Only the lines from the one holding "Hombres tocando instrumentos" to the end of the data should be echoed, exactly as they appear, minus the pictures.

__Data provided__.

----

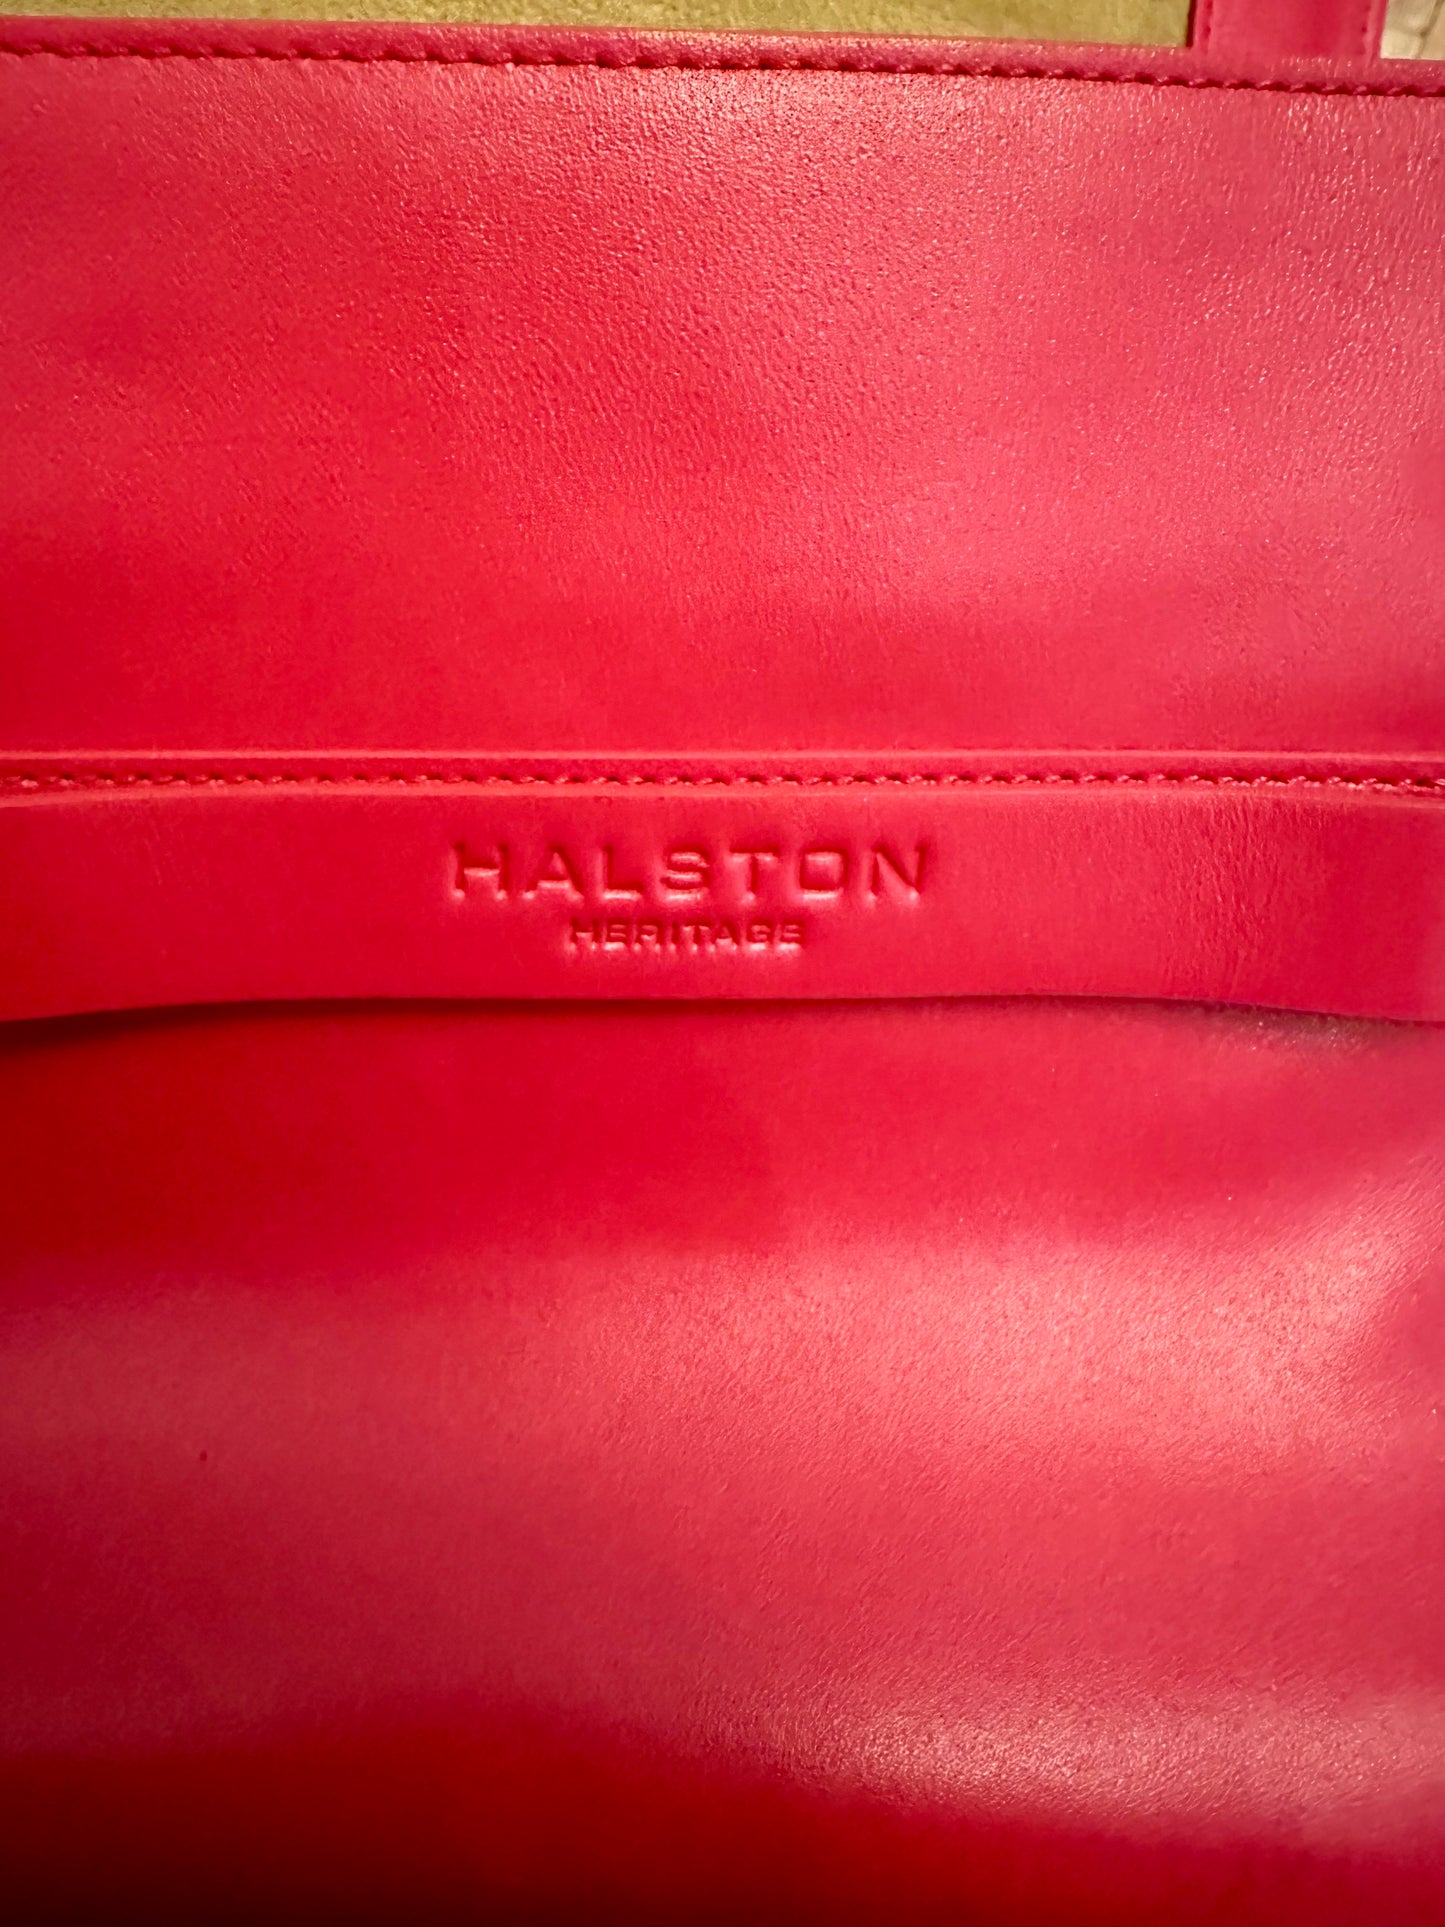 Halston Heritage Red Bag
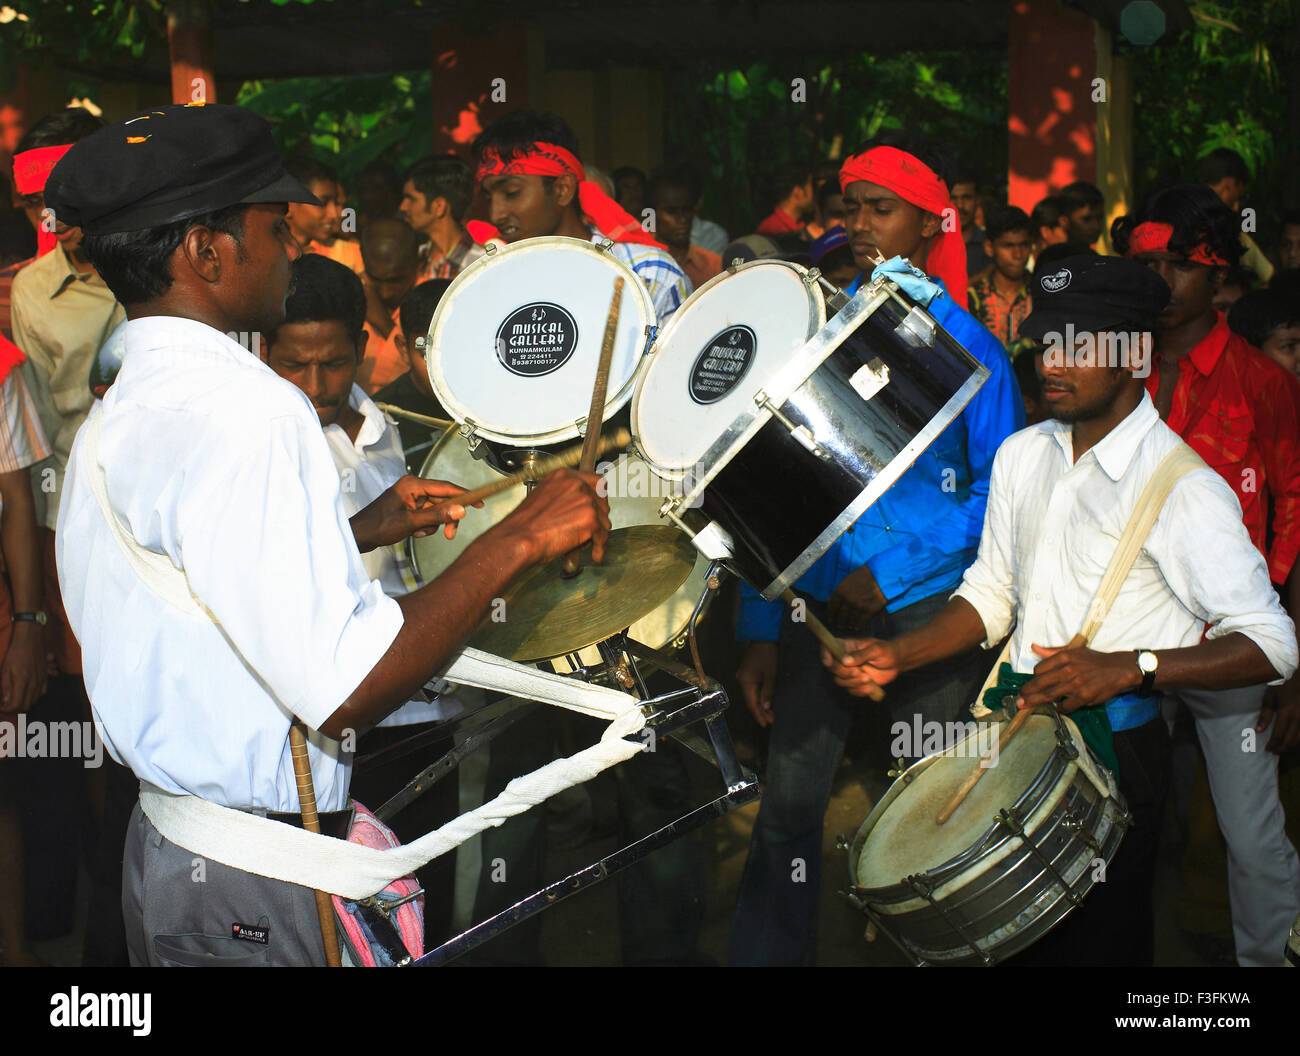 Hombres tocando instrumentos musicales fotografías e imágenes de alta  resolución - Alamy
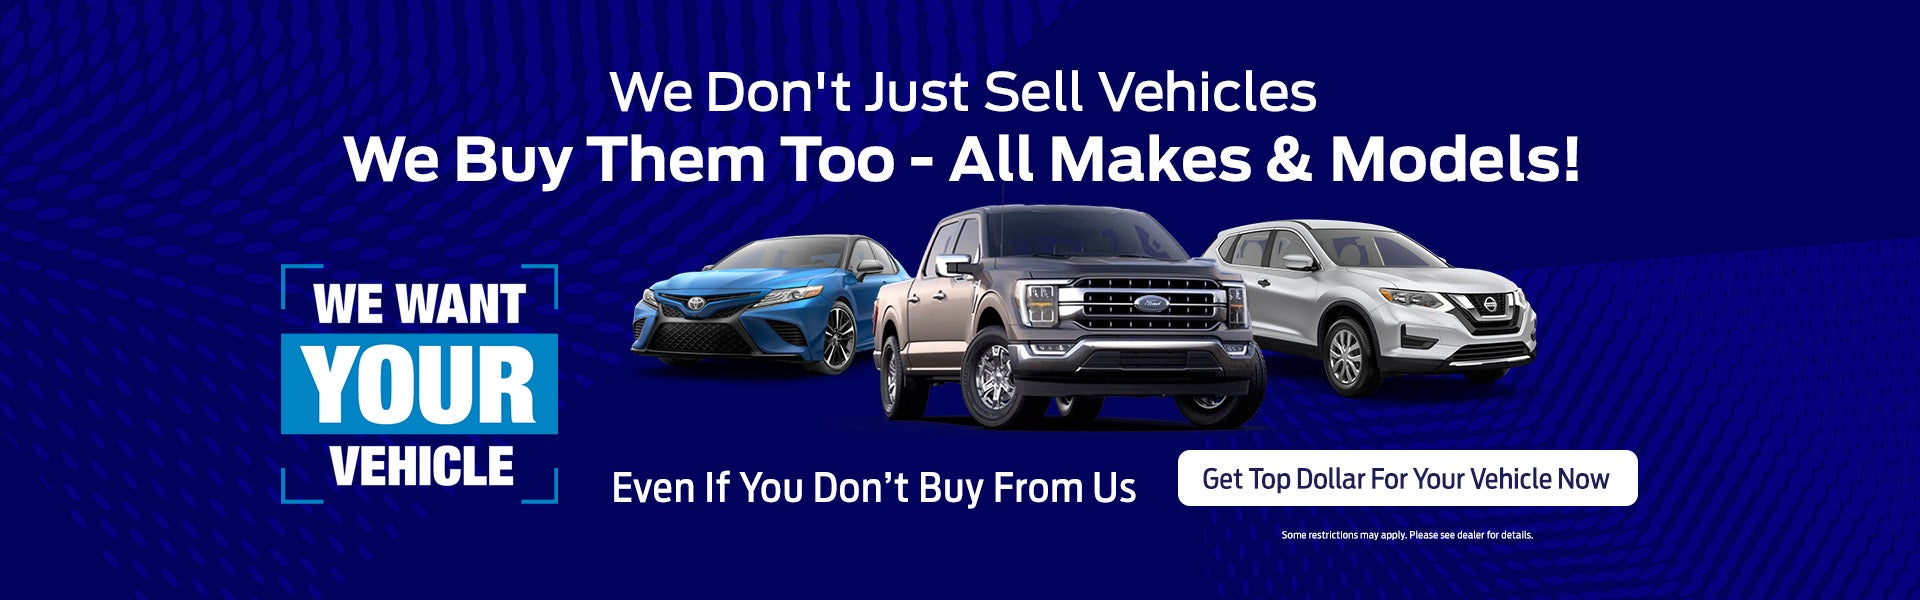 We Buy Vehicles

----

__Expected output__.
 Hombres tocando instrumentos musicales fotografías e imágenes de alta  resolución - Alamy
 We Buy Vehicles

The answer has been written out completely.